View the created foreign servers

You can view the external tables and data sources that are created on the Foreign Server page. The following table describes the parameters.

Parameter

Description

Data Source Name

The name of the foreign server.

Type

The type of the foreign server. Valid values: DLF+OSS, Hive+HDFS, and Hologres.

Network Connection

The name of the network connection that is used by the foreign server. Only the Hive+HDFS type supports network connections.

Owner Account

The ID of the account that is used to create the foreign server. External schemas use the foreign server to access the data source system based on the identity information specified by the creator of the foreign server.

  • If the project-level tenant resource access control feature is enabled for a project, the creator can configure the mounting relationship between the foreign server and the project to allow the project to use the foreign server. Then, the project administrator uses a policy to grant the permissions on the foreign server to the project members.

  • If the project-level tenant resource access control feature is disabled for a project, all users that create an external project or schema can use the foreign server to access external systems based on the RAMRole permissions specified by the creator of the foreign server.

Mounted Projects

The number of projects to which the foreign server is mounted.

Creation Time

The time when the foreign server was created.

Update Time

The time when the editable properties of the foreign server were last modified and saved.

Actions - Mount Project

Configures the mounting relationship between the foreign server and projects.

  • If the project-level tenant resource access control feature is enabled for a project but the tenant administrator does not configure the mounting relationship between the project and the referenced foreign server, the project cannot use the foreign server to access external systems.

  • If the project-level tenant resource access control feature is disabled for a project, MaxCompute does not check the mounting relationship between the project and the referenced foreign server.

Actions - Details

Views the properties of the foreign server.

Actions - Edit

Edits the properties of the foreign server.

Important

If you modify information such as permissions, the authorization relationship configured for the project may become invalid due to the change of visible objects.

Actions - Delete

Deletes the foreign server.

Important

After you delete a foreign server, all tasks that depend on the foreign server no longer have the permissions to access external systems, and the mounting relationship between the foreign server and all projects is deleted.

Create and use a DLF+OSS data lakehouse

Data sources of the DLF+OSS type use OSS as the data lake storage service and DLF as the metadata management service.
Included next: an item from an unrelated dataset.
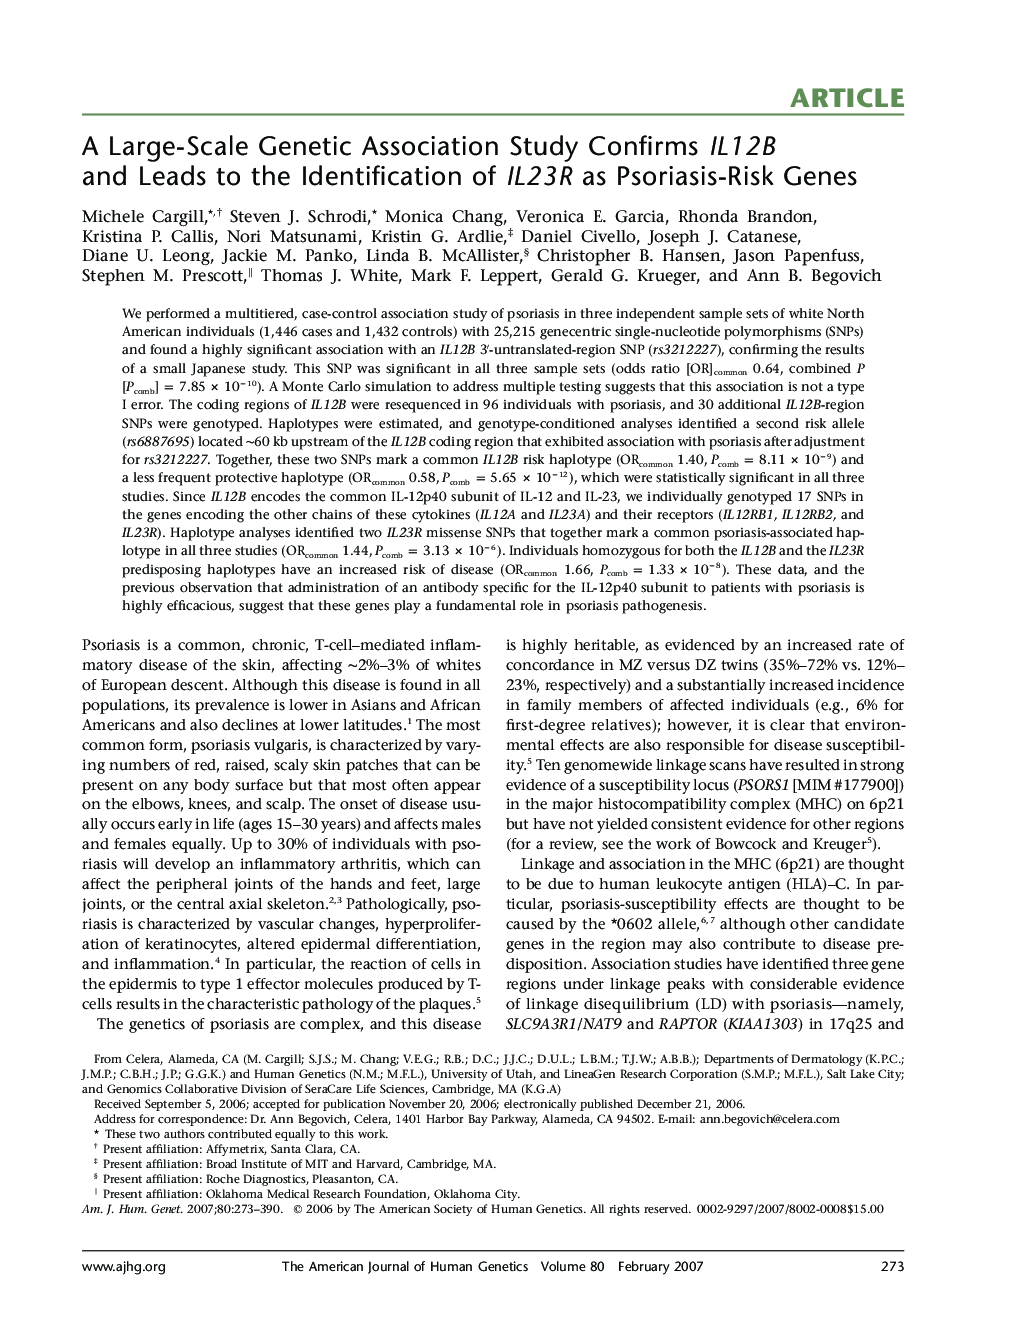 A Large-Scale Genetic Association Study Confirms IL12B and Leads to the Identification of IL23R as Psoriasis-Risk Genes

MaxCompute allows you to create foreign servers of the DLF+OSS type. MaxCompute can be used together with DLF and OSS to integrate data warehouses and data lakes to provide more flexible and efficient data management and processing capabilities.

Important

If your account has not enabled the tenant-level schema syntax switch, you must add the statement SET odps.namespace.schema=true; before your SQL statements to ensure that schema-related statements can be executed properly.

Step 1: Authorize MaxCompute to access your cloud resources

If you want to build the data lakehouse by using MaxCompute, DLF, and OSS, complete authorization by using one of the following methods. The account that is used to create the MaxCompute project cannot access DLF without authorization. You can use one of the following methods to authorize MaxCompute to access DLF:

  • One-click authorization: If you use the same account to create the MaxCompute project and deploy DLF, we recommend that you perform one-click authorization on the Cloud Resource Access Authorization page in the Resource Access Management (RAM) console.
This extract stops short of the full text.